Le vite dei Santi registrano veramente apparizioni di anime dannate: basta leggere la vita di S. Teresa, di S. Francesca Romana, di S. Antonio, del venerabile Nicola de la Roche, di S. Bruno, fondatore dei Certosini. Quest’ultimo si convertì proprio in seguito all’apparizione di un dannato, mentre nella chiesa gli si facevano le esequie. E sono caratterizzate, queste apparizioni, da fiamme, da tumulti, da bestemmie, da voci di terrore, da espressioni di odio e di vendetta. Tuttavia dai dati che possediamo dobbiamo rilevare che Iddio le permette assai di rado e soltanto per fini superiori, come son quelli di istruire, di correggere, di ammonire i viventi e di incamminarli, attraverso lo spavento, per la via della conversione.

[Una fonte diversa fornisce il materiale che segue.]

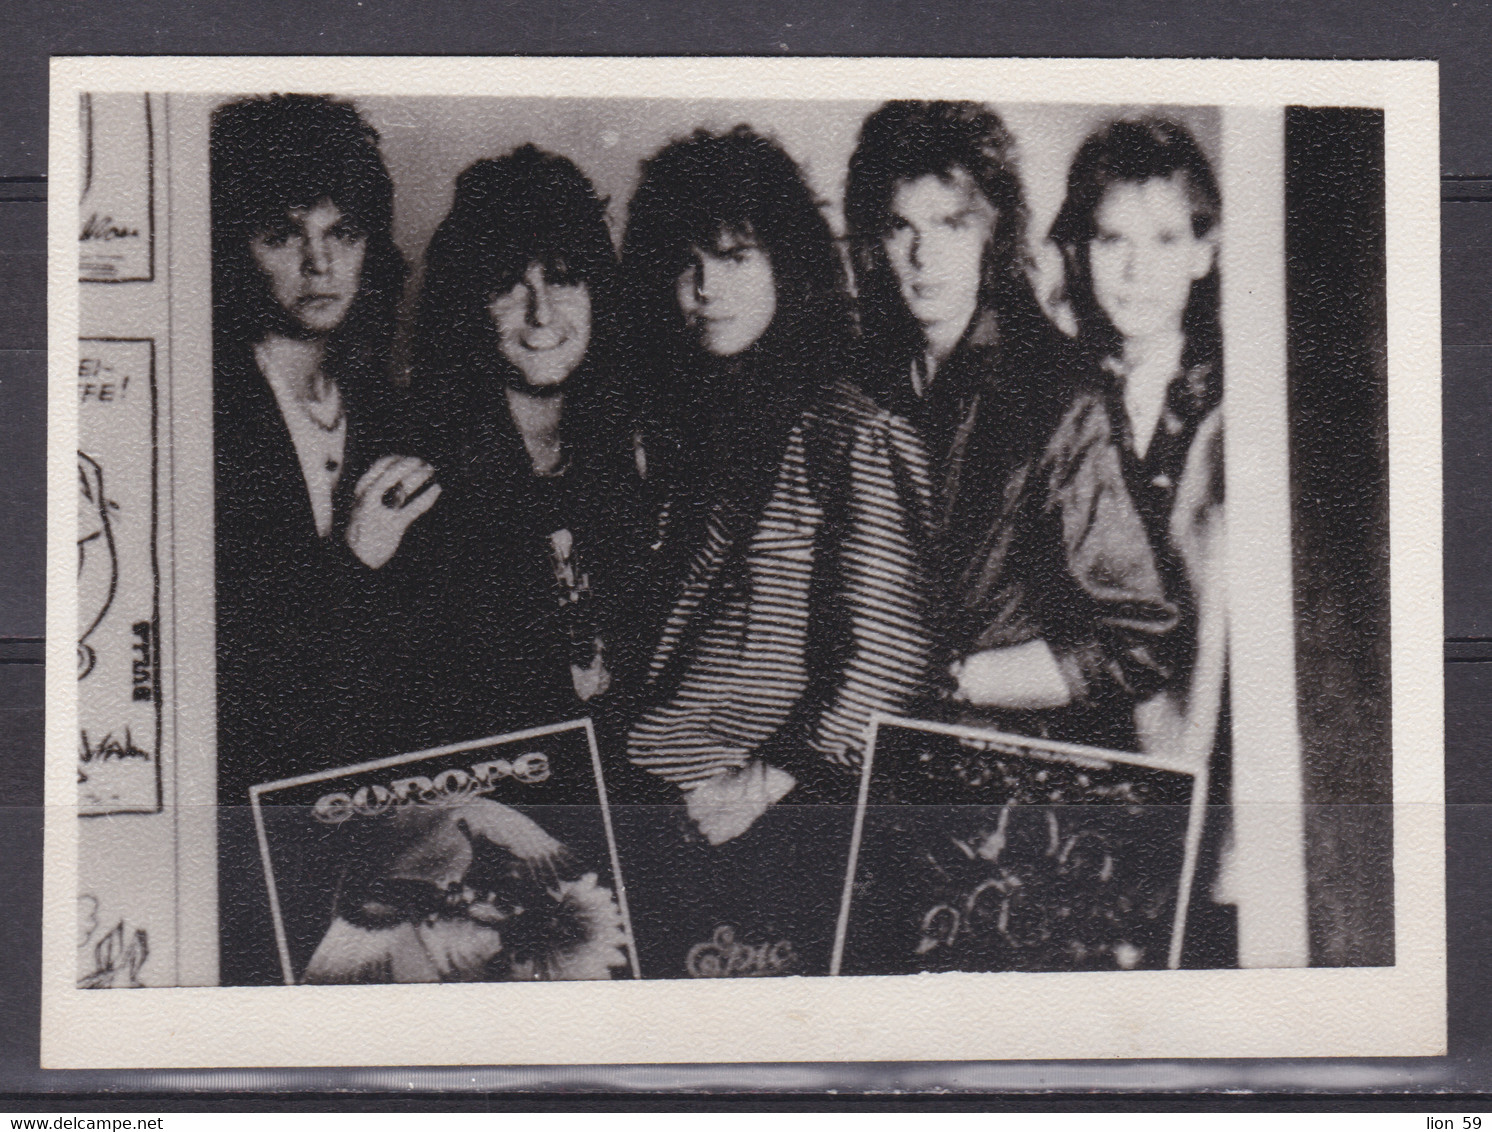 272895 / Europe (band) - Swedish Rock Band Formed In Upplands Väsby, Sweden In 1979, By Frontman Joey Tempest Photo - Foto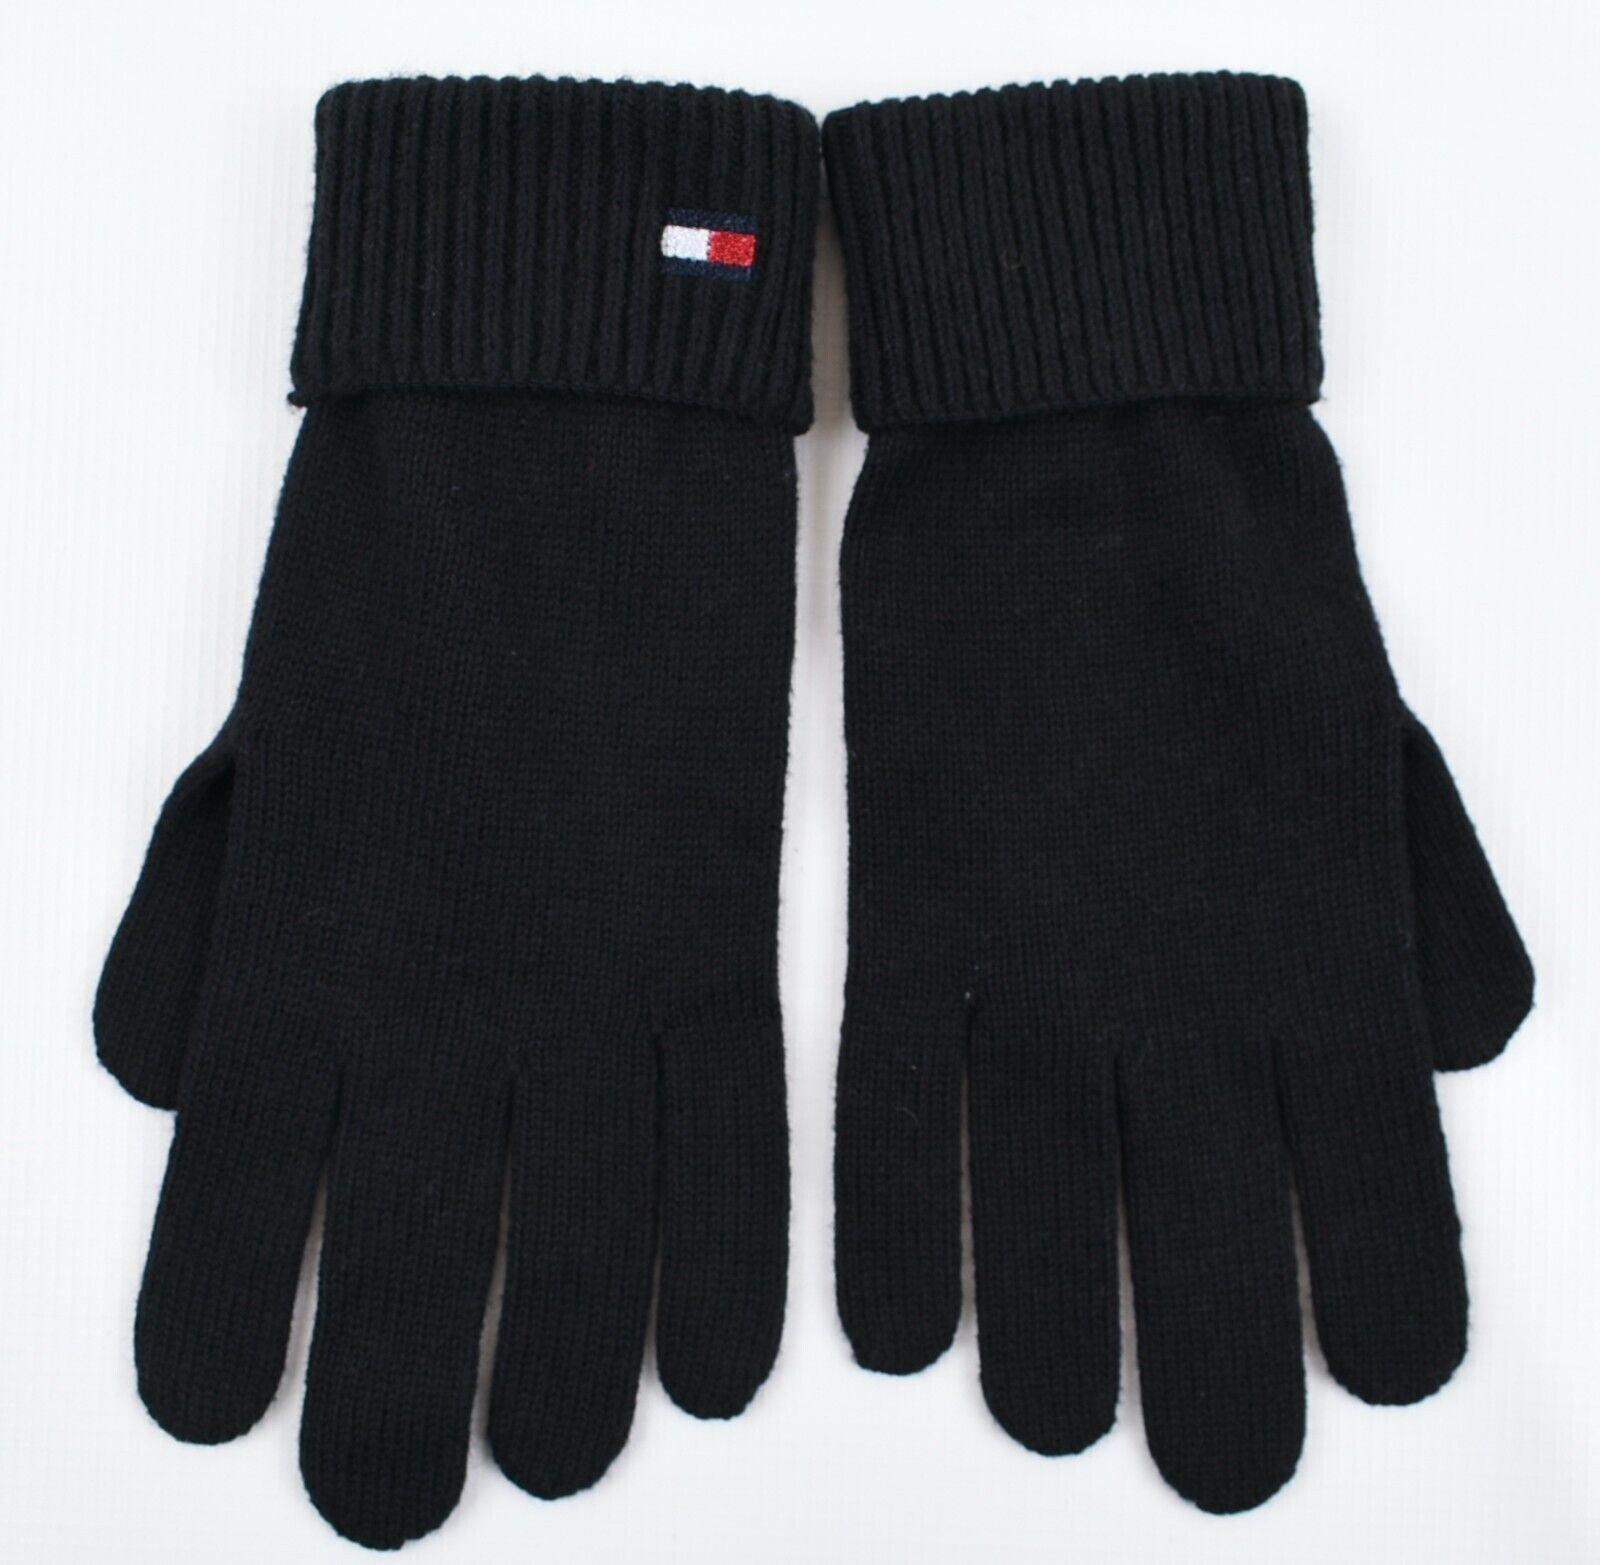 TOMMY HILFIGER Women's COTTON/CASHMERE Knitted Gloves, Black, One Size

Avviene spesso – scrive S. Tommaso, appoggiandosi all’autorità di S. Agostino e di S. Giovanni Crisostomo – che i demoni fingono di essere le anime dei morti, per confermare i pagani – e nel caso nostro i cristiani dimentichi del loro carattere – nei loro errori e guadagnare la loro fede (S. Tommaso, P. r. Quest. 89,- a. 8 ad. a). Soltanto per un miracolo i morti possono entrare in comunicazione coi vivi. Ora nessuno di noi vorrà ammettere che Iddio si compiaccia di compiere altrettanti miracoli quante sono le richieste del più capriccioso dei mediums.